Even NMap scans, at high speed, will cause a firewall to go comatose
for a few minutes. The result is that most firewalls are installed,
configured, and never tested. The first indication of a problem is an
intrusion. It's kinda like backups. Nobody does backups until AFTER
they have lost data. Nobody test firewalls until after they've been
proven porous or misconfigured. Even then, the testing is long,
tedious, and tends to generate large log files.
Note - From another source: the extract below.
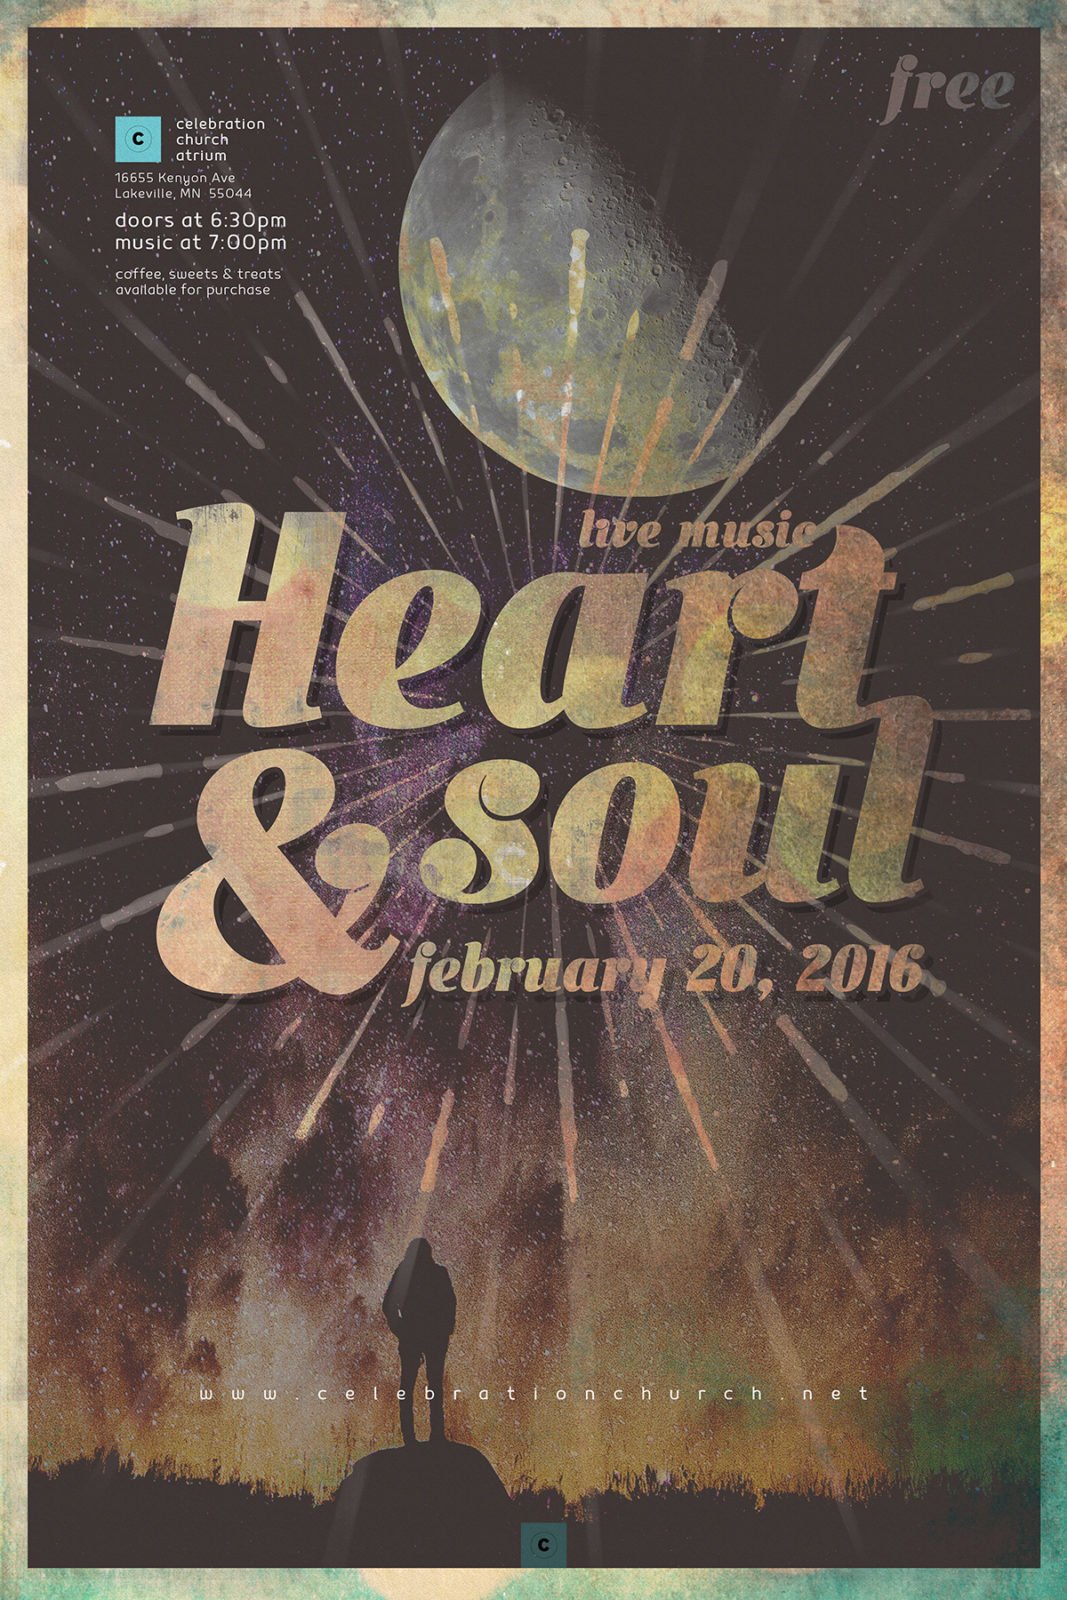 Live Concert Event Poster Design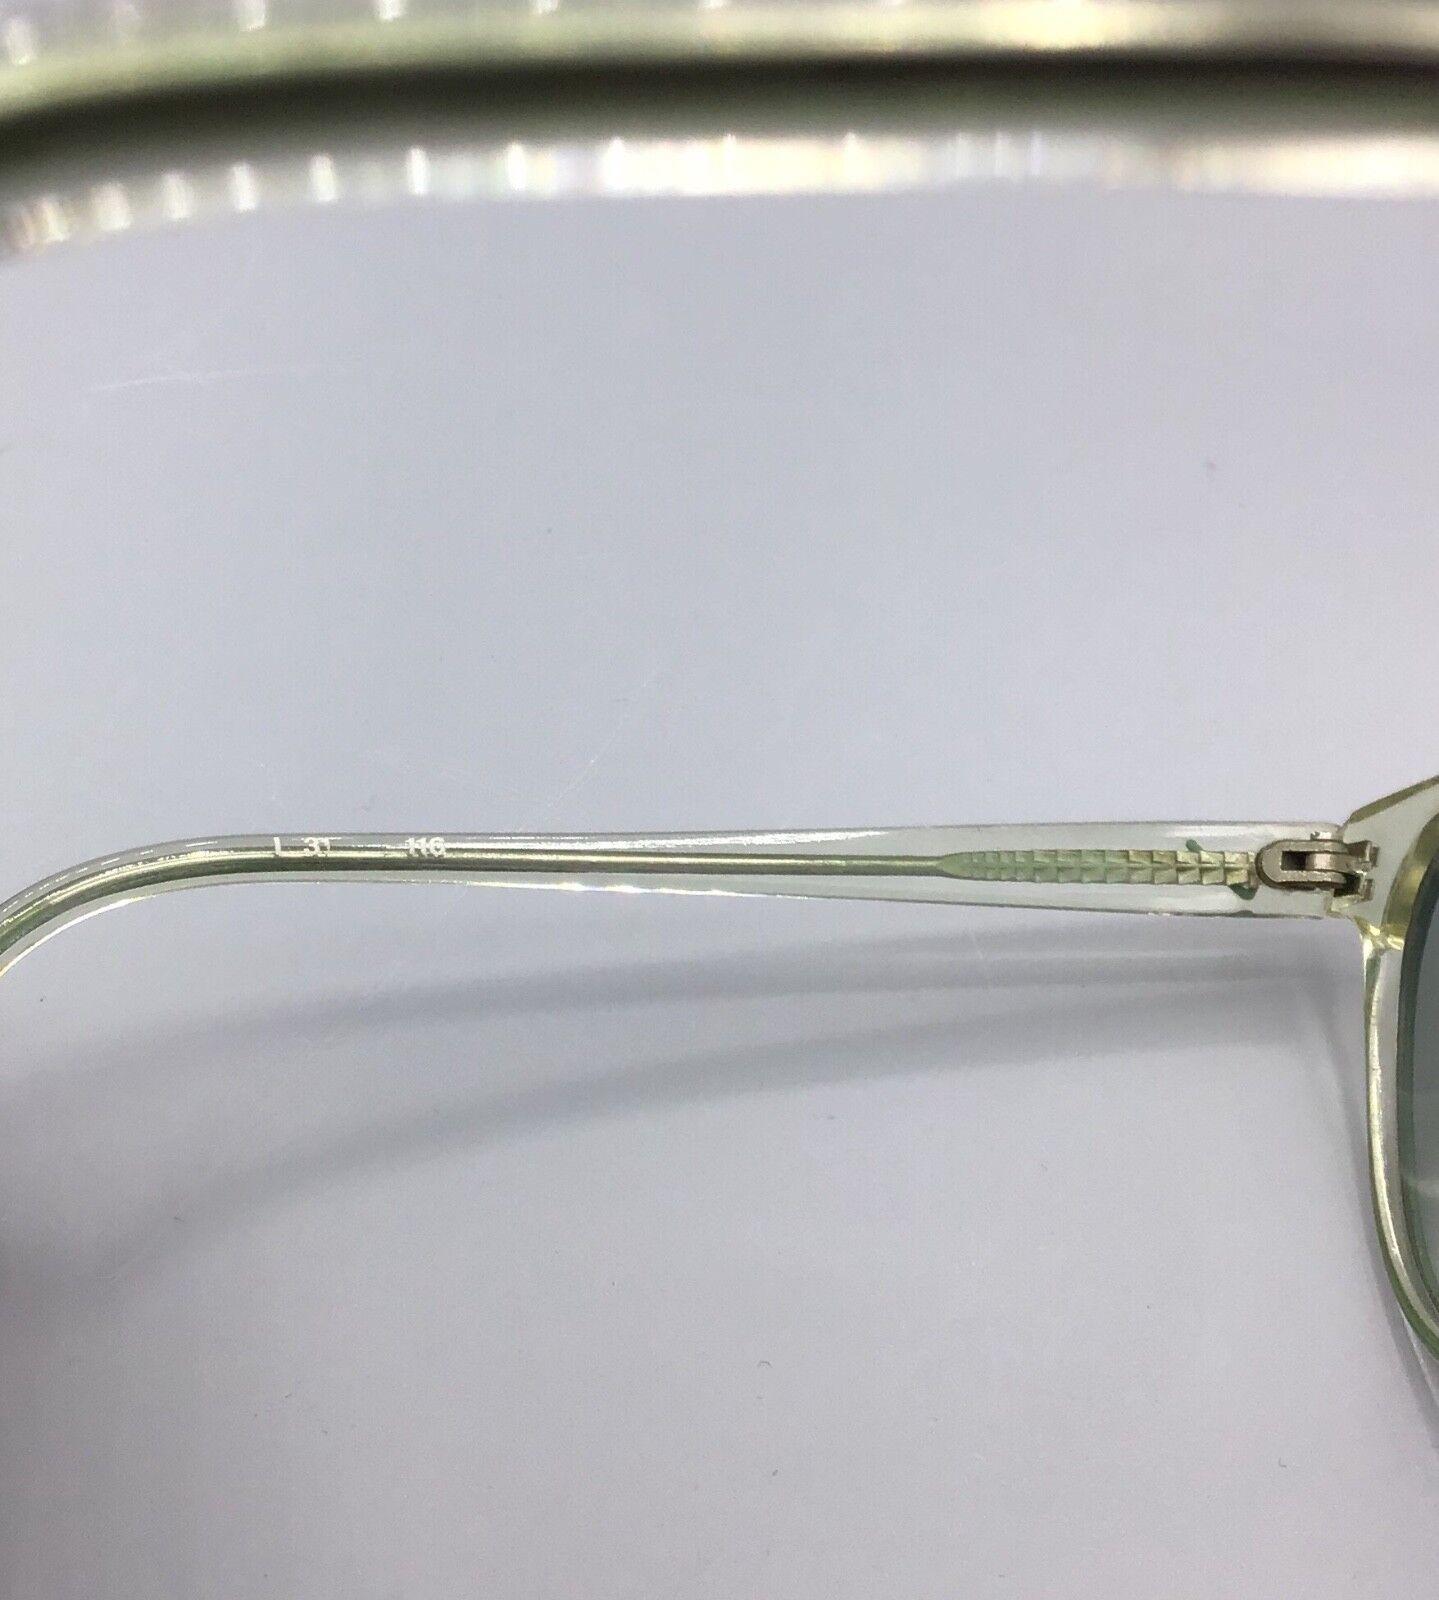 occhiale vintage Vogart model L31 116 da sole sunglasses sonnenbrillen lunettes

However, that's only half the problem. Firewalls are great for
preventing unauthorized intrusions from the internet. They do very
little for preventing leaking sensitive documents and information from
the client machines. If I can run a program on the client machine,
then I can use ftp, email, rcp, scp, or even http, to send something
to a designated recipient. Few of the firewalls do anything for this
problem.
At this time, my customers are more concerned with internal leaks,
than external intrusions. This is especially true of HIPAA
requirements. I've installed sniffers that look at the contents of
outgoing email for keywords and obvious internal documents. Anyone
sending an encrypted, compressed, or binary file is instantly tagged
as a problem. While testing the system, we caught an employee selling
customer lists delivered via email.
Incidentally, most (not all) of the personal Windoze firewalls have a
problem. All that's necessary to fool an outgoing filter is to rename
the rogue program the same as an authorized program. The firewall
doesn't know the difference.
http://grc.com/lt/leaktest.htm
ZoneAlarm does it right by encrypting the authorized program names,
but few of the others bother. Oh well.
Anyway, I can go on forever on the topic of security. Some of the
above is why I consider firewalls to be of marginal value, but still a
necessity. I require my customers to have them, and I monitor them as
time permits to make sure they're working. Real security means
reading LOTS of log files looking for suprises and anomalies. I'm
partial to dedicated security appliances and firewalls. The SCO
server has better things to do than carefully inspect every packet.